In den Jahren meiner Wanderung bin ich oft nach meinem alten Kinderlande zurückgekehrt, manchmal nur von den Hügeln der Erinnerung aus in sehnsüchtiger Schau, öfter aber auch, indem ich nach Hause fuhr, die alte Strasse entlang wanderte und in alle Seitengässchen ging, bei Vater und Mutter einkehrte und bei alten Freunden.
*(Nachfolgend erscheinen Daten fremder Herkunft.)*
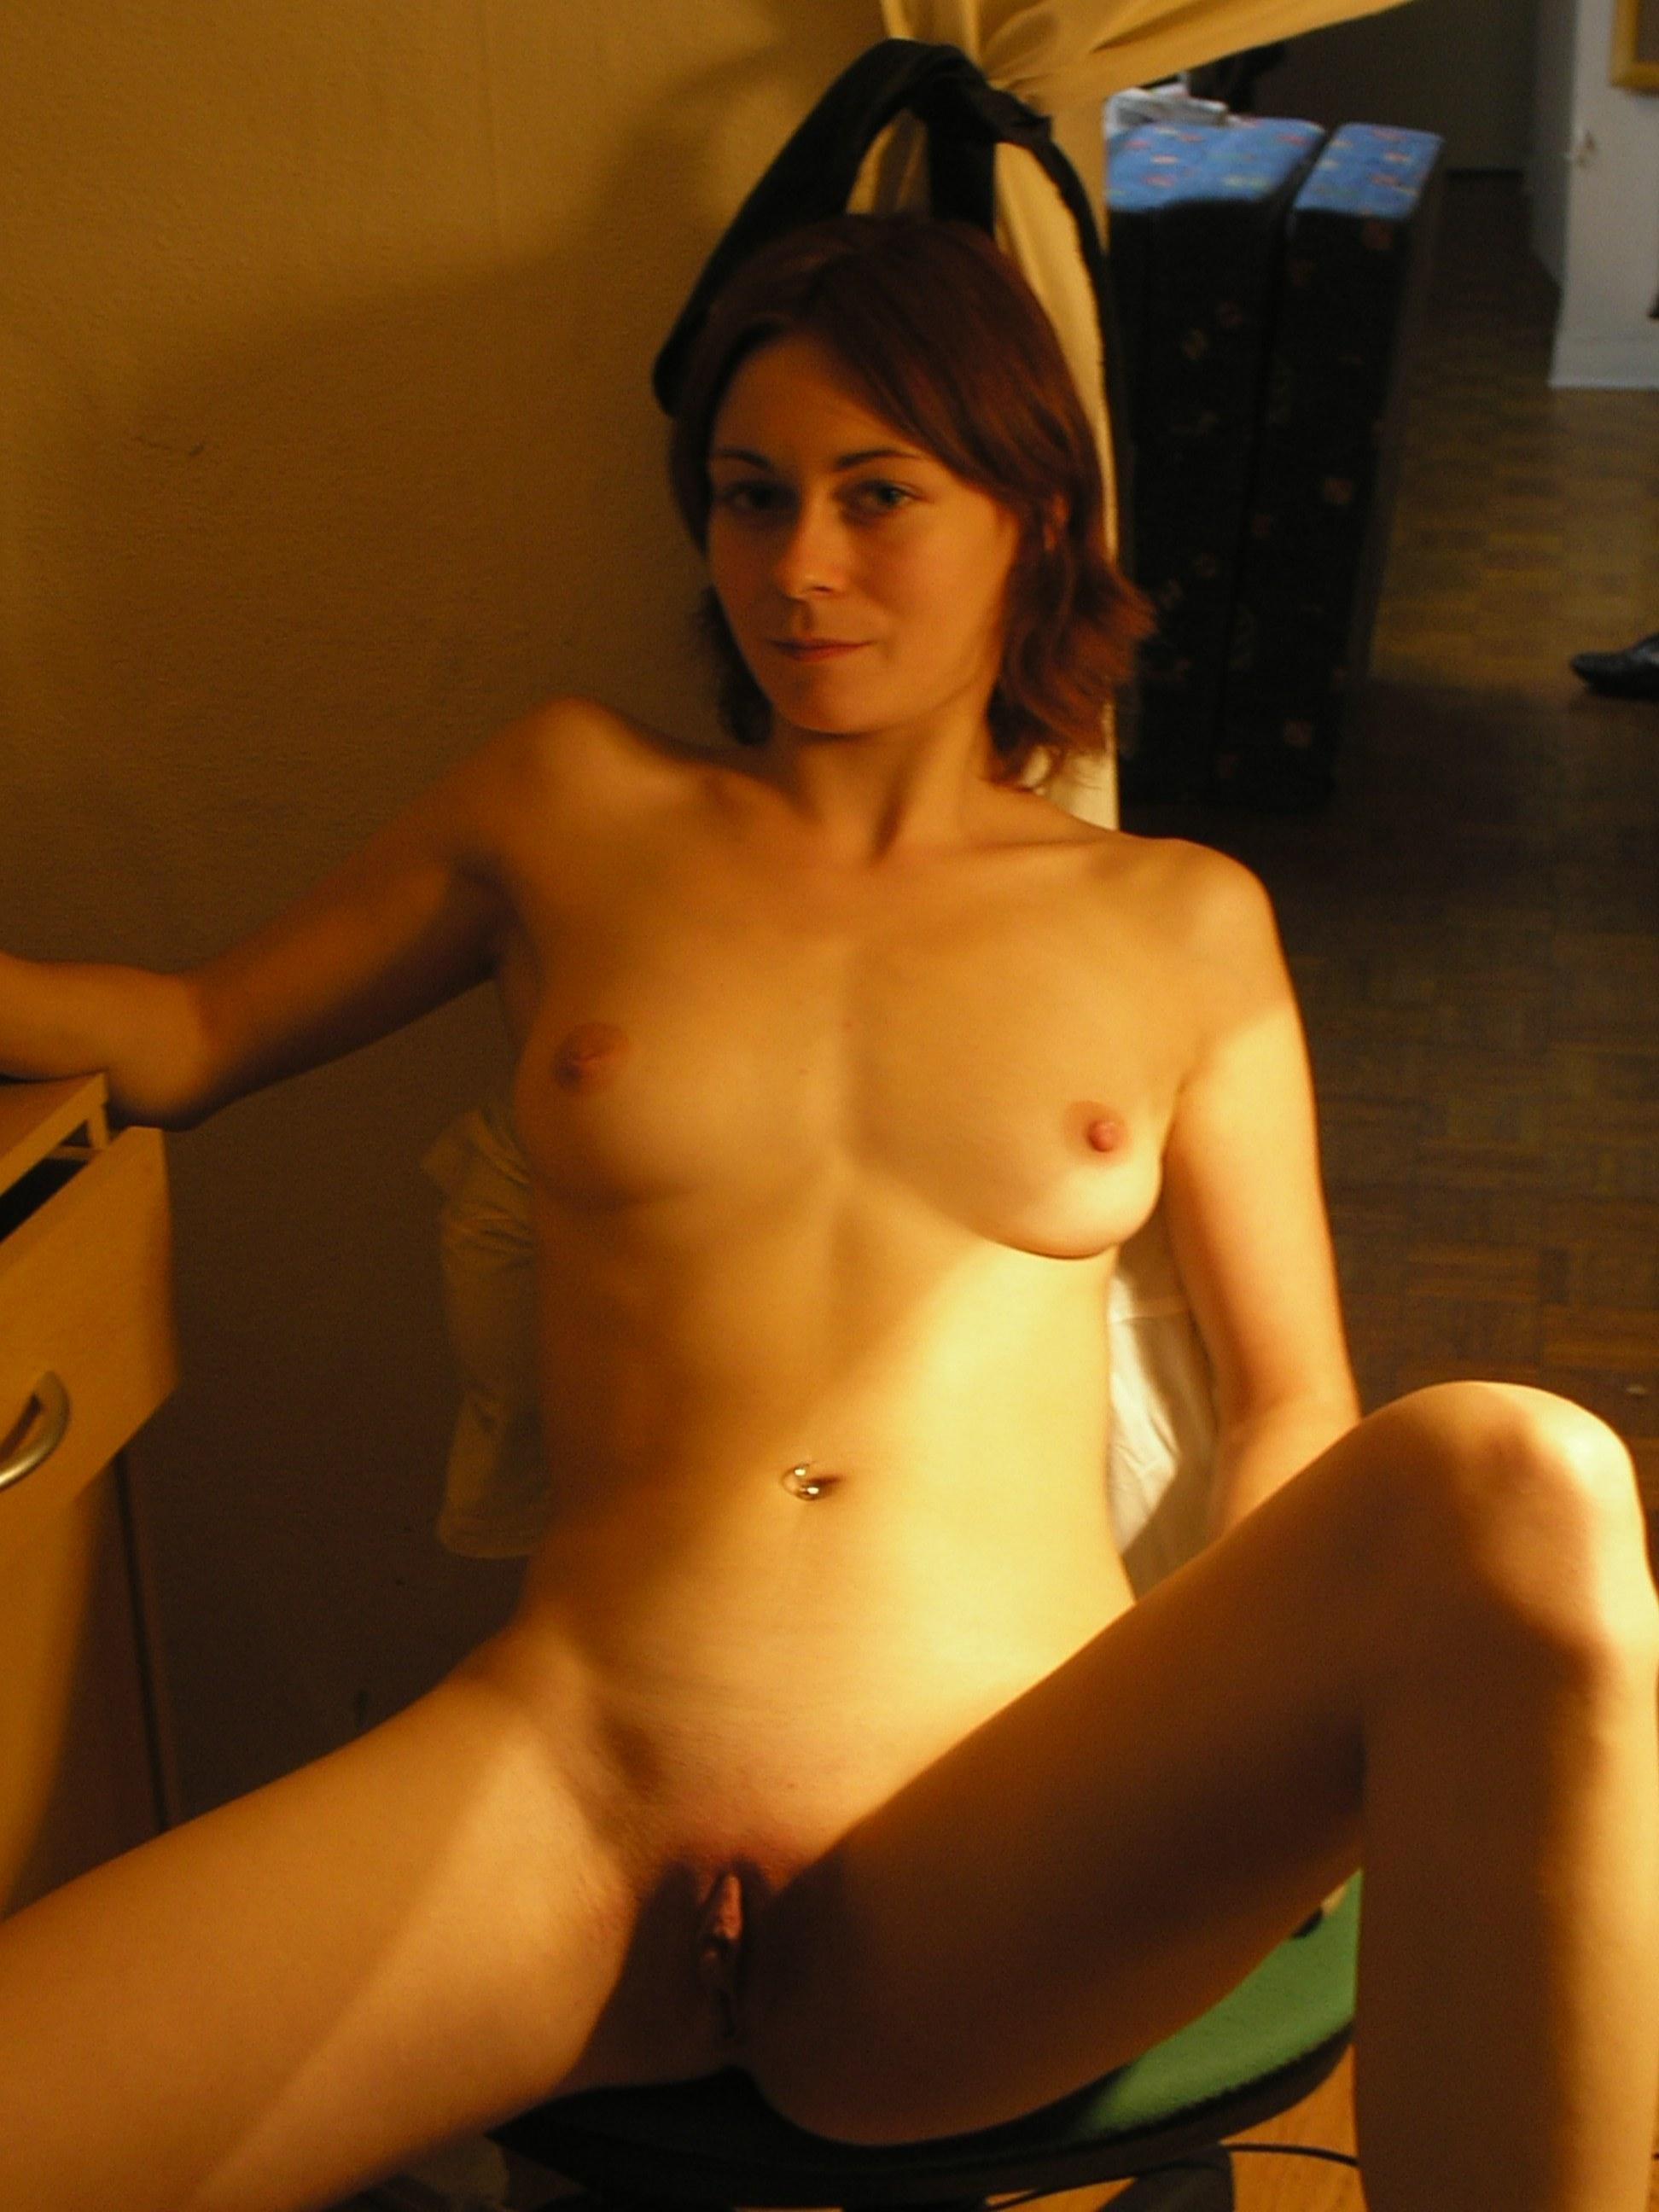 Chatte poilue photo escorts trans

Sonntags hörte ich in der Kirche die alten Lieder, und wenn ich über den Friedhof wanderte, stand auf jeder Grabtafel ein Name, den ich kannte. Niemals versäumte ich, über die Felder zu gehen, ich wusste ja von der kleinsten Parzelle, wem sie gehörte und wie es um ihre Ertragsfähigkeit stand. Der Dorfjunge ist in mir so lebendig geblieben, dass ich noch jetzt immer um das Wetter bange, ob es auch im Frühjahr nicht zuviel Trockenheit, im Sommer nicht zu viel Regen, im Winter genügend Schnee bringe. Ich bin meiner Kinderheimat treu verbunden geblieben, habe nichts von ihrer Art, Sprache, Gewohnheit, ihren Mühen und Freuden aus den Augen verloren. Ich war Dorfjunge so durch und durch, dass ich wohl Dorfjungengeschichten schreiben konnte. Sie sind im Laufe vieler Jahre entstanden, in meinen Büchern verstreut und erscheinen hier zum ersten Male gesammelt. Ein paar Stücke, die noch nicht in meinen Büchern stehen, sind dazu gekommen.
Möge es dem „Dorfjungen“ gut gehen! Ich denke, man wird zugeben, dass er ein gesunder Bursche ist, manchmal ein bisschen frech und voll spitzbübischer Schelmerei; aber das gehört dazu. Die Jungen sollen erkennen, wie sie sind, die Alten, wie sie waren. Ein leichter Morgenwind fährt durch alle Jugend; wem er aber in der Schwüle der Not oder durch lieblose Art der Erzieher erstarb, der ist bitter zu beklagen.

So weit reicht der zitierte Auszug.